Beim ersten Sehen des Films (auf das ich übrigens ein paar Jahre warten musste, weil er im Vergleich zu den Ustinov-Filmen nach meinem Eindruck relativ selten zu sehen war) war mir Albert Finney ansonsten noch unbekannt, aber es war doch offensichtlich, dass hier jemand optisch extrem verändert wurde, der eigentlich zu jung und zu groß für die Rolle war; ansonsten war der gebückte Gang unerklärlich, da der literarische Poirot ja keinen Buckel hat.
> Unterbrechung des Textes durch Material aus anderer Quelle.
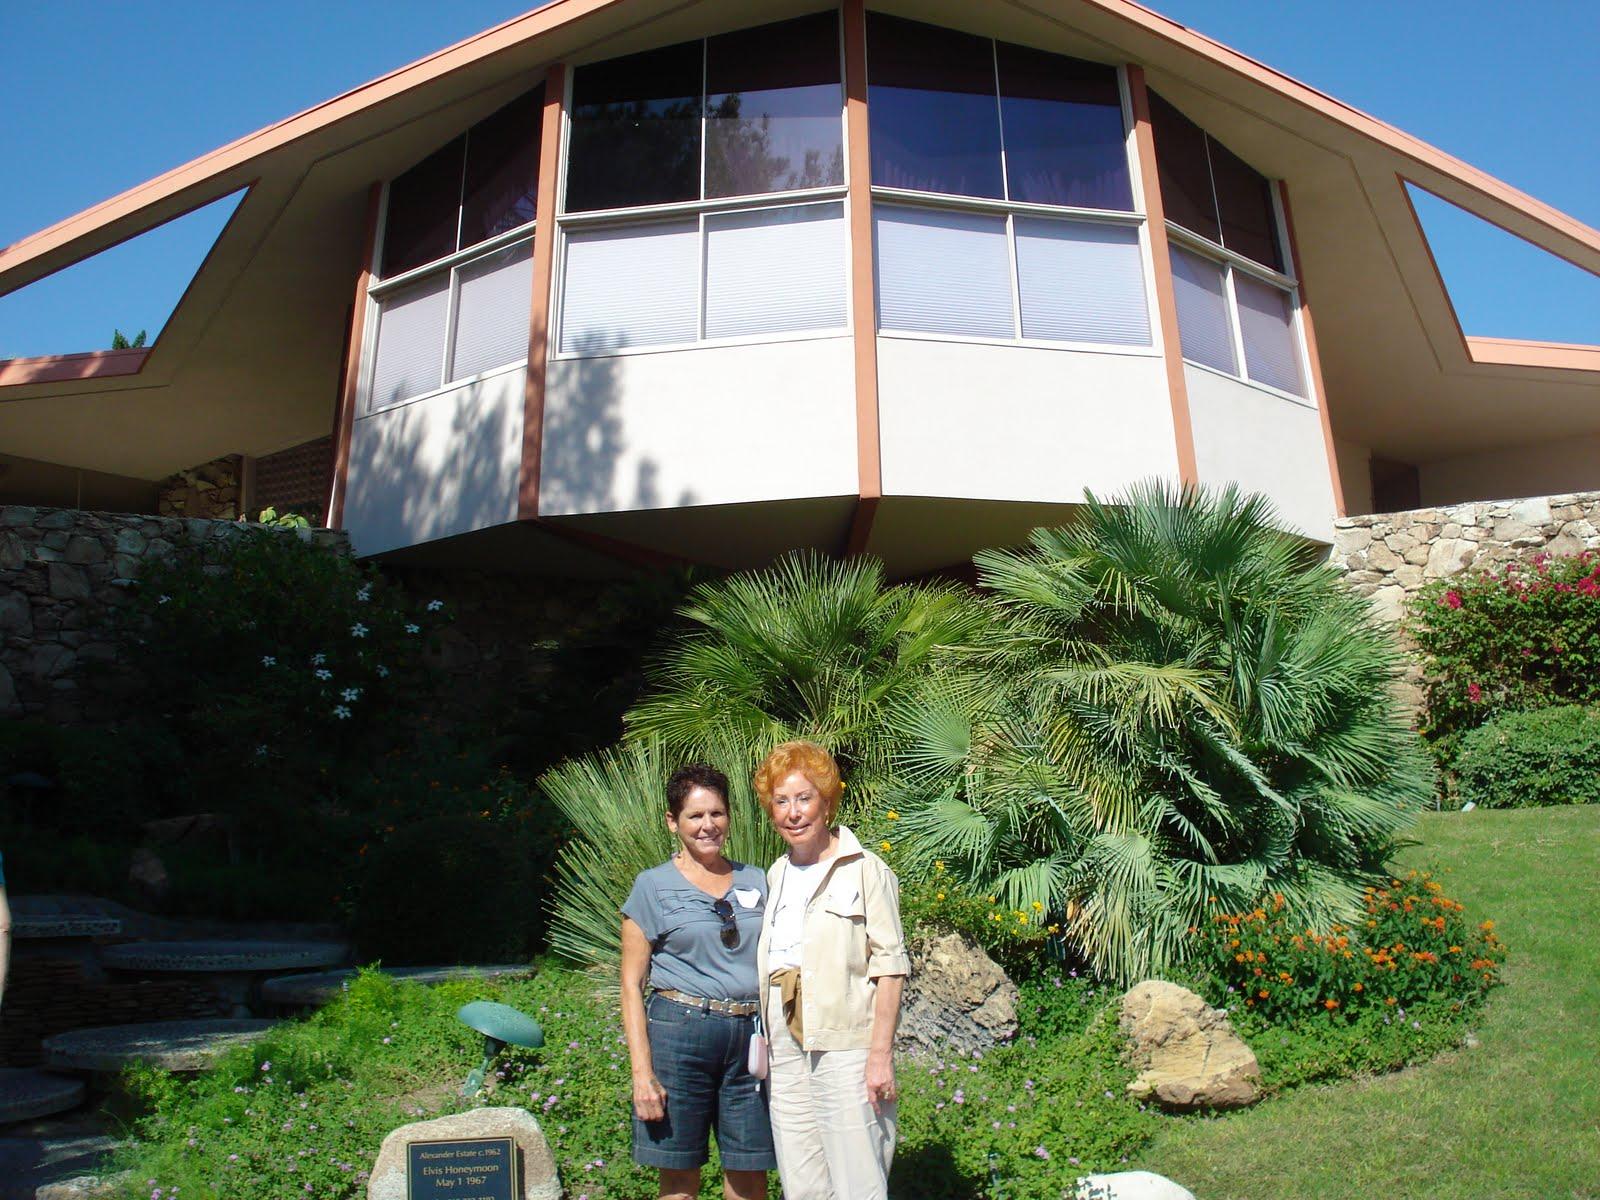 Palm Springs Celebrity Homes Tour
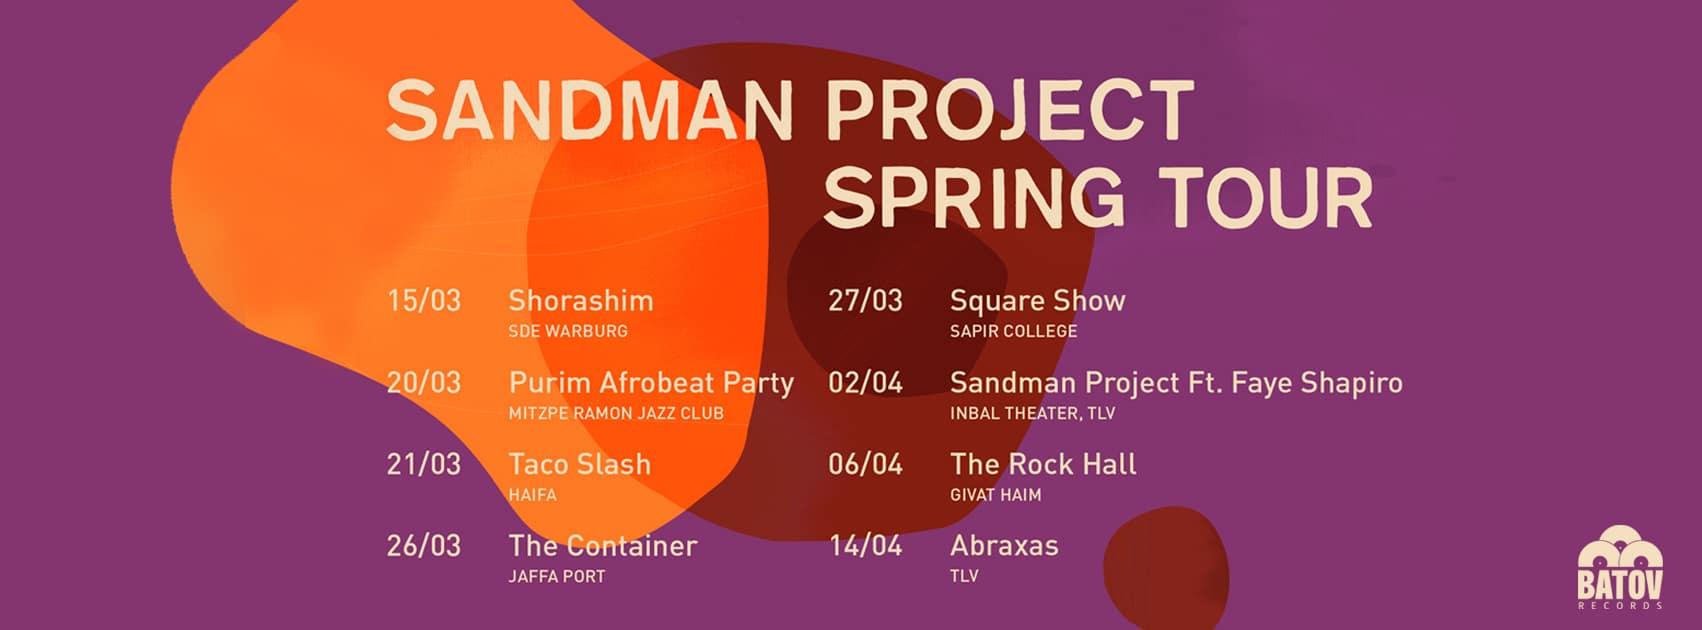 Sandman Project Spring Tour 2019 2

Vielleicht wäre der Eindruck der Veränderung noch stärker gewesen, wenn ich den Film im Original kennengelernt hätte, da Finney dort nicht nur mit Akzent spricht, sondern auch seine Stimme extrem verstellt. Biederstaedts Besetzung ist wirklich eigenartig, zumal (wie schon woanders erwähnt) seine betont "trockene" und tiefe Stimme nicht recht mit der exaltierten Gestik zusammenpassen will (etwa als er im Plädoyer die Uniform und den Kimono als falsche Spuren präsentiert). Was die fehlenden Sympathiepunkte betrifft, so war durch diese Interpretation der Figur eine Szene möglich, die so im Roman nicht vorkommt und die bei Ustinov oder Suchet undenkbar gewesen wäre: Poirots Verhalten beim Verhör von Mary Debenham, das durch eine optische Täuschung kurz so wirkt, als würde er sie schlagen. Mit Ustinov, der in "Tod auf dem Nil" eher melancholich-väterlich und in den übrigen Fällen betont gemütlich agierte, wäre das undenkbar, bei Suchet ebenfalls, der selbst in emotionalen Momenten nie den Eindruck erweckte, er könne handgreiflich werden.
Was die optische Veränderung betrifft, so wäre die bei Paul Scofield oder Alec Guinness (die angeblich auch für diese Rolle zur Debatte standen) natürlich mindestens ebenso stark gewesen.